In 1994, Brazil was emerging from one of the most severe and prolonged periods of hyperinflation in modern economic history. For over a decade, successive economic plans had failed to stabilize prices, with annual inflation reaching a staggering 2,500% in 1993. This environment created immense social and economic distortion: prices changed multiple times per day, savings were eroded, and the currency (the cruzeiro) had become virtually meaningless as a unit of account. The government's previous attempts at stabilization, often involving price freezes and currency changes, had provided only temporary relief before inflation returned with even greater force, eroding public confidence.
The turning point arrived on July 1, 1994, with the launch of the
Plano Real (Real Plan), masterminded by then-Finance Minister Fernando Henrique Cardoso.
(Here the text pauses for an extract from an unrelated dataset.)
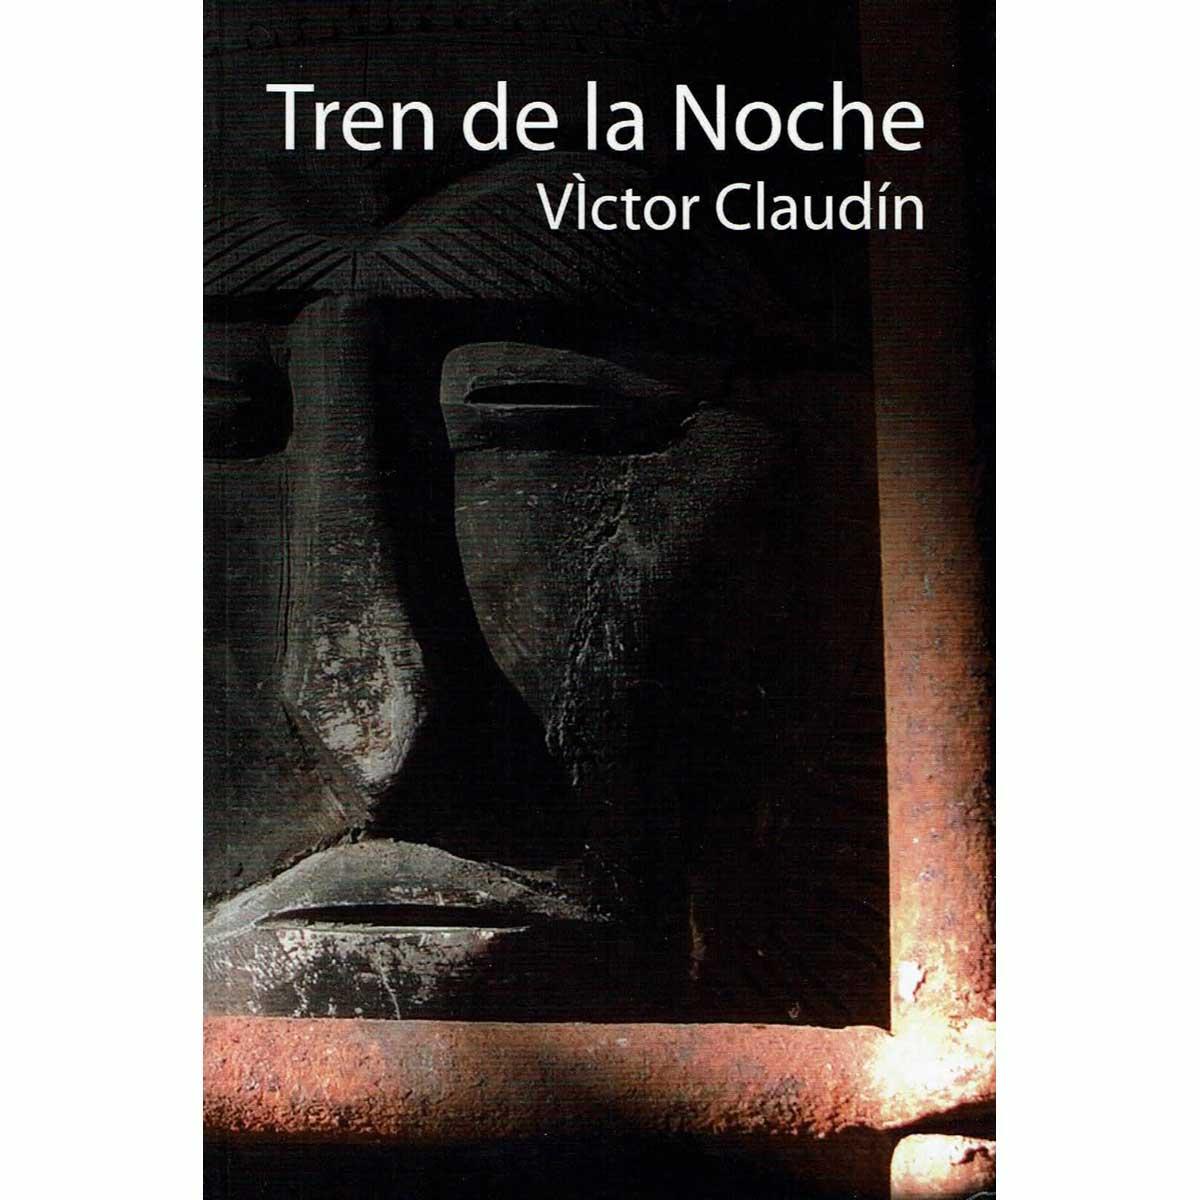 VICTOR CLAUDÍN
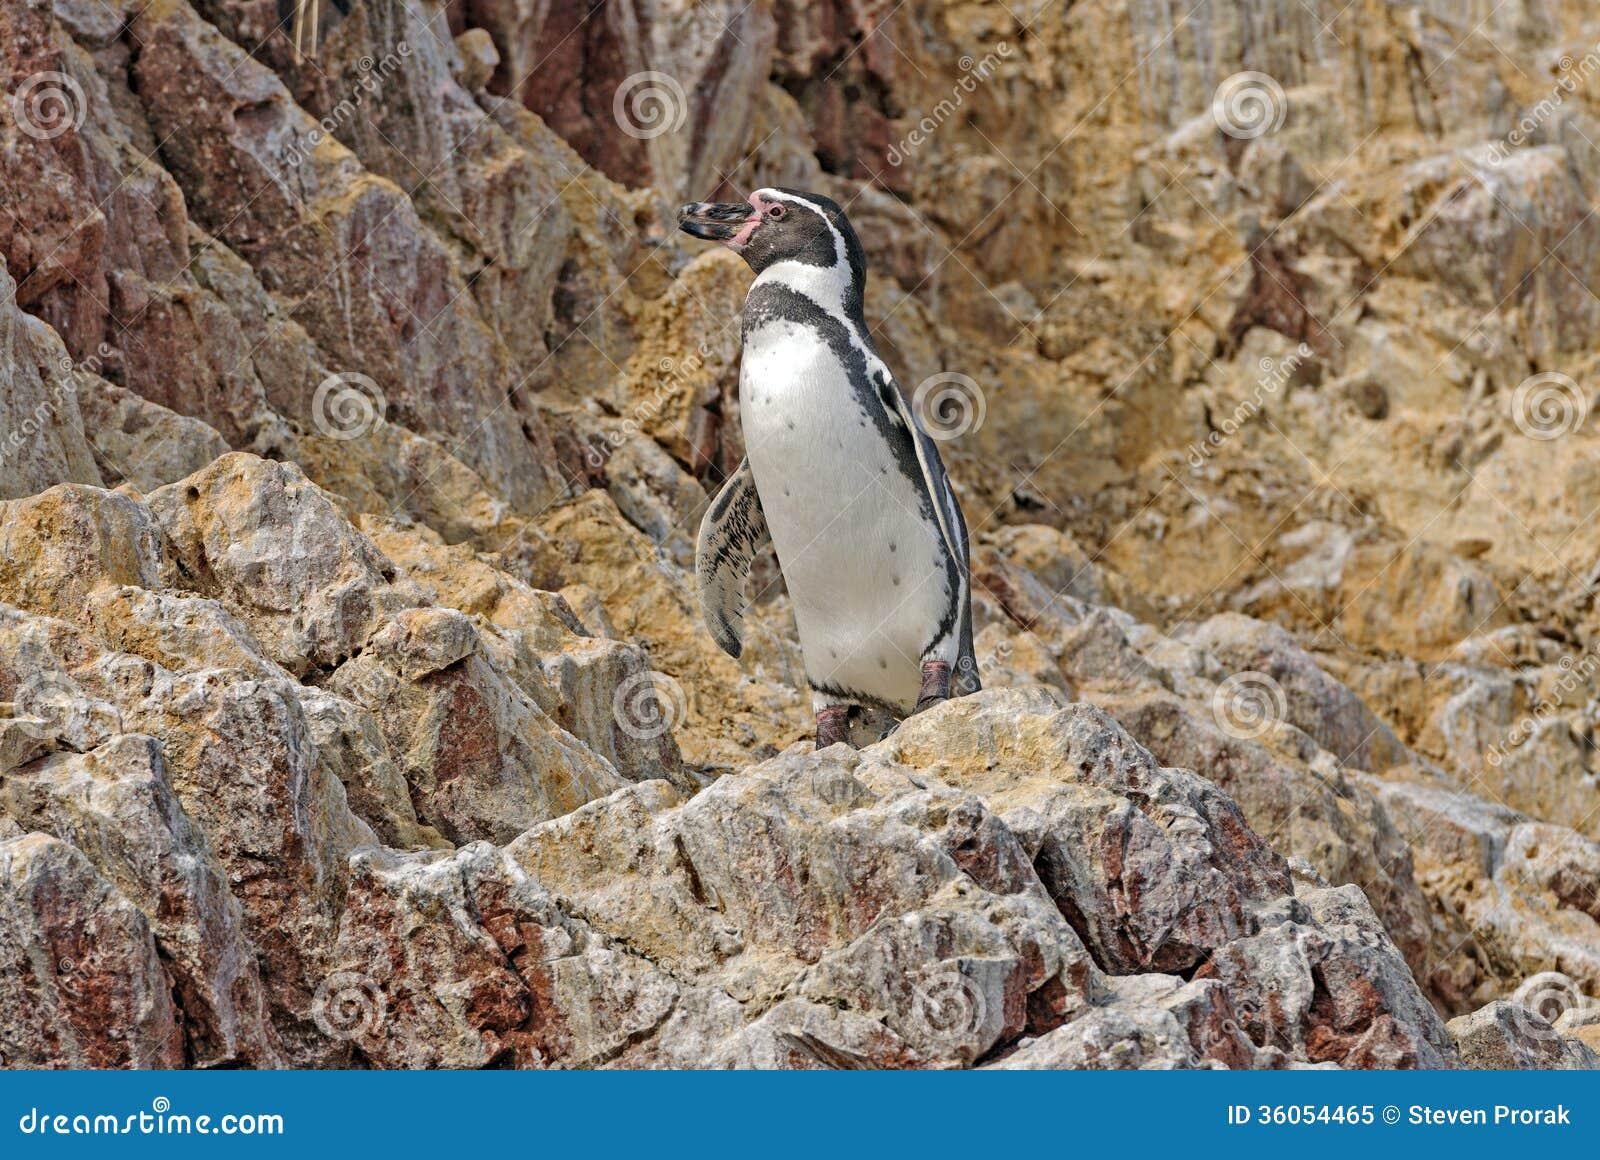 Humboldt Penguin on the Peruvian Coast

Unlike earlier shock treatments, this plan was a meticulously phased, multi-step process. It began in 1993 with the creation of a virtual unit of value, the Unidade Real de Valor (URV), which acted as a stable pricing index alongside the volatile cruzeiro. This allowed the economy to gradually re-anchor prices before the formal introduction of a new currency. On July 1st, the
real (BRL) was officially launched, initially pegged at parity to the U.S. dollar, providing a clear and credible nominal anchor.
The immediate effect was dramatic. Monthly inflation, which had been around 50% in June 1994, plummeted to single digits within months. The plan successfully restored the currency's functions as a store of value and medium of exchange, bringing immediate relief to the population and laying the groundwork for sustained economic growth. The Real Plan's success propelled Cardoso to the presidency later that year and is widely credited with ushering in a new era of macroeconomic stability in Brazil, though the subsequent management of the dollar peg would present significant challenges in the years to follow.